TOLEDO – A large segment of Ohio agriculture descended on Toledo for three days last week looking for the latest in an almost infinite variety of approaches to creating farm profits from fruit, vegetables, and marketing off the farm.
The 2002 Ohio Fruit and Vegetable Growers Congress and the Ohio Roadside Marketing Conference Feb. 6-8 at the Toledo SeaGate Convention Centre is a must-do event for many Ohio farmers.
And they were there, apple growers with orchards reaching back to post-Revolutionary War grants, grain farmers turned truck farmers, Lake Erie muck soil vegetable growers with on-site labor camps, fruit growers marketing berries from their fields, and farm marketers expanding their entertainment options to maze building in sunflowers and other showier plants.

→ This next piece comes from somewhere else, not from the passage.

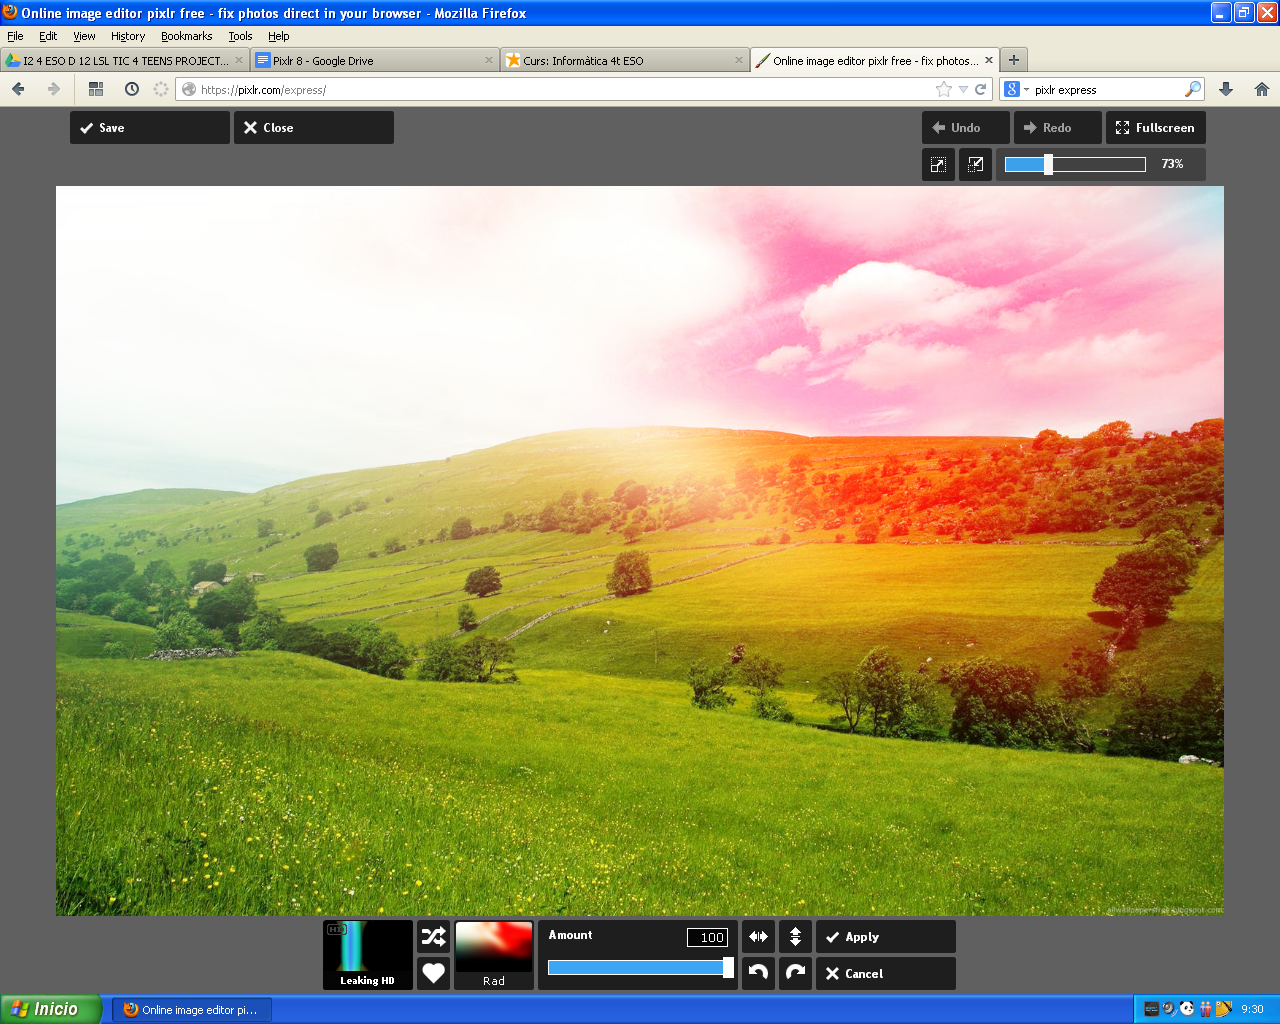 Leaking HD - Pixlr Express (TIC4TEENS)

A family’s story. Take the John Brown family of Brown’s Family Farm in Hamilton, Ohio. Although John and Joyce Brown started their life together 32 years ago as grain farmers, but began planting a few acres of vegetables 15 years ago. Now they plant 1,200 acres in grain and 200 in truck farming.

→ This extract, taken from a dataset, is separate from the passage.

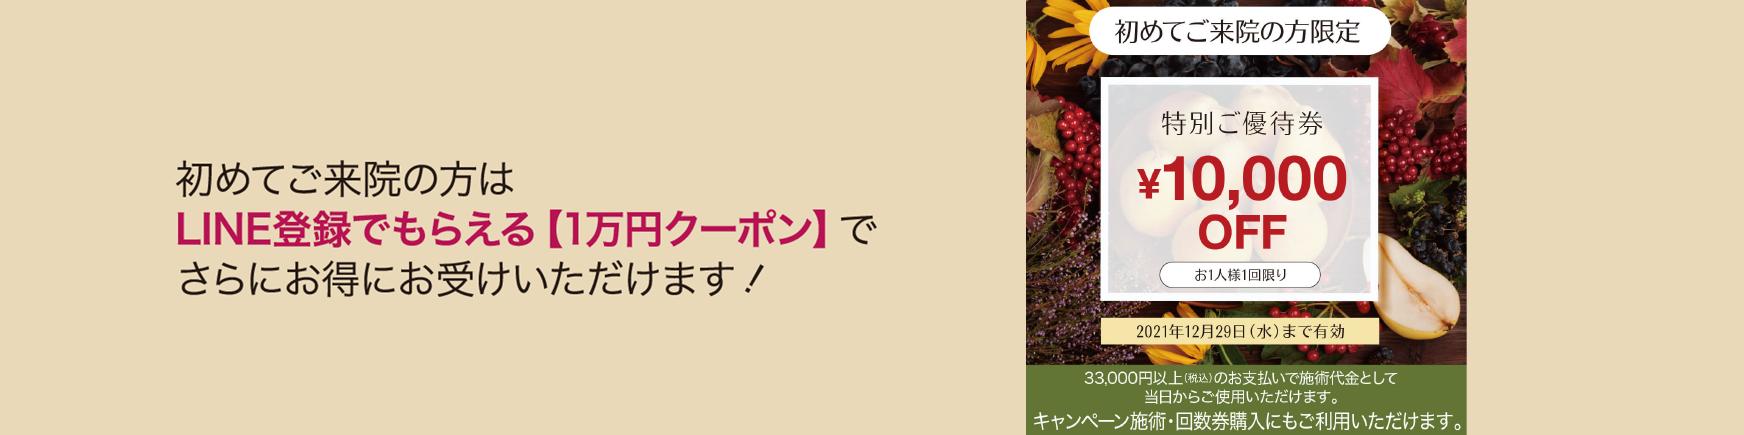 初めてご来院の方はLINE登録でもらえる【1万円クーポン】でさらにお得にお受けいただけます!

John is vice president for truck crops for the Ohio Vegetable and Potato Growers Association.
Joyce runs an on-farm market and has added greenhouses to her side of the operation to establish a going market in bedded plants.
From having a sweet corn stand seven years ago, she is now running a year-round farm market. And she serves on the board of the Ohio Direct Agricultural Marketing Association.
John and Joyce had a lot of sessions they needed to attend during the growers congress and marketing convention. And since many of those who attend, like the Browns, are involved in more than one kind of production, they were moving briskly from one session to another, taking in a little of this and a little of that.
It was there. Whatever it was a producer wanted to know about, there was probably a program scheduled to address that particular topic.
Educational tracks were scheduled for small fruit, primarily berries, and for tree fruit, mostly apples; for truck crops, for processing crops, for greenhouse crops, and for potatoes.
In his introduction to new varieties for tree fruit growers Walter Heuser of Summit Tree Sales of Michigan, a provider of fruit tree stock to commercial growers, said a new root stock for cherries in the works is going to make cherry production the next big comer for Ohio growers.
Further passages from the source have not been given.